The Orthodox community must hold those who represent us accountable for their positions on our most important interests.

The Means of Pursuit

The legendary politician Tip O’Neil famously said, “All politics is local”; with regard to programs that support schools and education, nothing could be more true. Education budgets and regulations in the United States are primarily determined at the state and local government levels. It is thus necessary for the Orthodox community to increase its efforts in cultivating relationships with local and state officials and building coalitions with local organizational and communal allies. Today’s city councilman is tomorrow’s state assemblyman and the next day’s congressman.10

The precedent value of a program that exists in another state or locality is considerable. Thus, to inform New York State legislators of the benefits of the Pennsylvania tax credit program in seeking its adoption in Albany is very useful. But it is not sufficient.

It is necessary for a community’s leaders to define an agenda of the programs or policies the local community needs implemented and then educate the rank and file of the community about the agenda. Community members must then bring that agenda to officeholders who seek their support. Furthermore, they must hold the officeholders accountable for delivering on these issues or for failing to do so. To paraphrase Pirkei Avot, no politician can be expected to provide a benefit without expecting something in return; conversely, the Orthodox community must hold those who represent us accountable for their positions on our most important interests—and support for our schools must be in the first rank.
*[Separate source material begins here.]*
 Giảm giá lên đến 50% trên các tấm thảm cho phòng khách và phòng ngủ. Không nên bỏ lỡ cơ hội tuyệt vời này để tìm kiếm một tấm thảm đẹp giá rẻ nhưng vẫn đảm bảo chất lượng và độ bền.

The Orthodox Union, through its Institute for Public Affairs, is increasing its efforts and investment of resources in support of this agenda. We recently recruited Howard Beigelman, formerly a senior staffer to New York Governor George Pataki, to spearhead an effort to assist local Orthodox communities to develop a targeted policy agenda and to cultivate relationships with key officeholders. Of course, support for our schools is a central element of this effort. We are confident that, with God’s help, a partnership between the OU and local Orthodox constituents in this work will yield benefits for our families and our children for years to come.

Mr. Diament is the director of the Orthodox Union’s Institute for Public Affairs. Based in Washington, DC, the IPA promotes the interests and values of the Orthodox community in the public policy arena through legislation, litigation and public advocacy.

Notes

  1. Congress shall make no law respecting the establishment of religion or the free exercise thereof.
  2. See the Court’s opinion in the case of Locke v. Davey, decided in 2004.
  3. See Nathan Diament, “Retrograde on School Choice,” The Washington Post, 9 August 2002, A17, available at: http://www.washingtonpost.com/ac2/wp-dyn/A47250-2002Aug21?language=printer.
  4. Florida’s school voucher program is currently before that state’s supreme court on these grounds.
  5. This fundamental reality is separate and apart from the great political power held by the labor unions, which represent teachers and school administrators.
  6. See John Tierney, “A Chance to Escape,” The New York Times, June 7, 2005.
  7. The Orthodox Union has, nevertheless, continued to support and advocate for voucher programs out of both a long-range view as well as for the sake of the social justice value for the inner-city youth who will benefit. See Tierney, supra.
  8. Including Arizona, Florida, Illinois, Iowa and Minnesota.
  9. Of course, once such a program is in place in a particular state, and material benefits are realized by a broad set of constituencies, we can then work in coalitions to expand the benefits, i.e., raise the $100,000 tax credit to a $150,000 tax credit, et cetera.
  10. The broader Jewish community has learned and applied this lesson well with regard to pro-Israel advocacy; we have just as great an interest in doing so with regard to educational support, not to mention other issues.
This article was featured in the Fall 2005 issue of Jewish Action.